The series released on July 10, 2025, worldwide on Netflix.

The series received average to positive reviews in the English-speaking world. Praise was widely directed at the worldbuilding, action, themes, and art direction, however Polygon and Ready Steady Cut criticized the young adult tone and underuse of the premise. Gizmodo, calling the anime "imperfect" and criticizing animation that "may occasionally falter", still praised it for rising "above its visual shortcomings".

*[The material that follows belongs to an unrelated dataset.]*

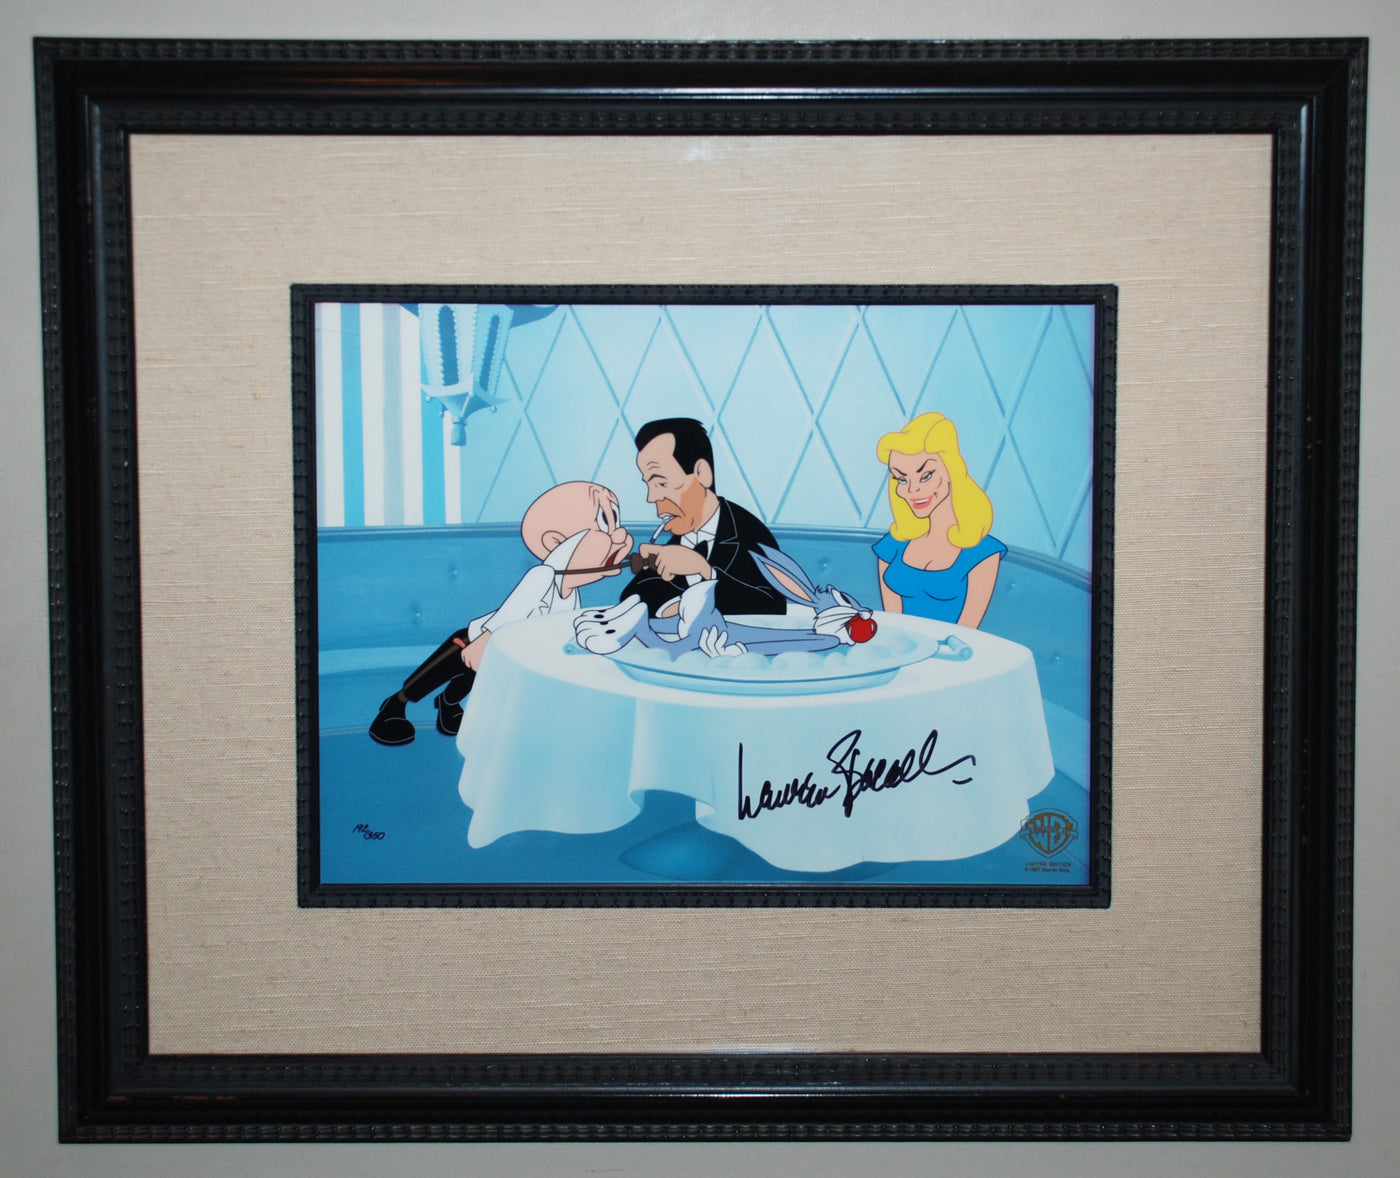 Original Warner Brothers Limited Edition Cel, If It's Rabbit Baby Wants, Signed by Lauren Bacall

IGNs Kristen Carey lauded the series as a potential "modern classic", comparing the animation and setting to that of Studio Ghibli. Carey noted the explicitly queer characterization of Sharp towards the latter portion of the series, where they choose to maintain their more masculine identity even after their assigned gender is revealed.

Mir Fantastiki claimed that the adaptation lacks "the craziness that made the book so appealing", however concluded that it was "heartfelt and engaging" and "a largely faithful adaptation".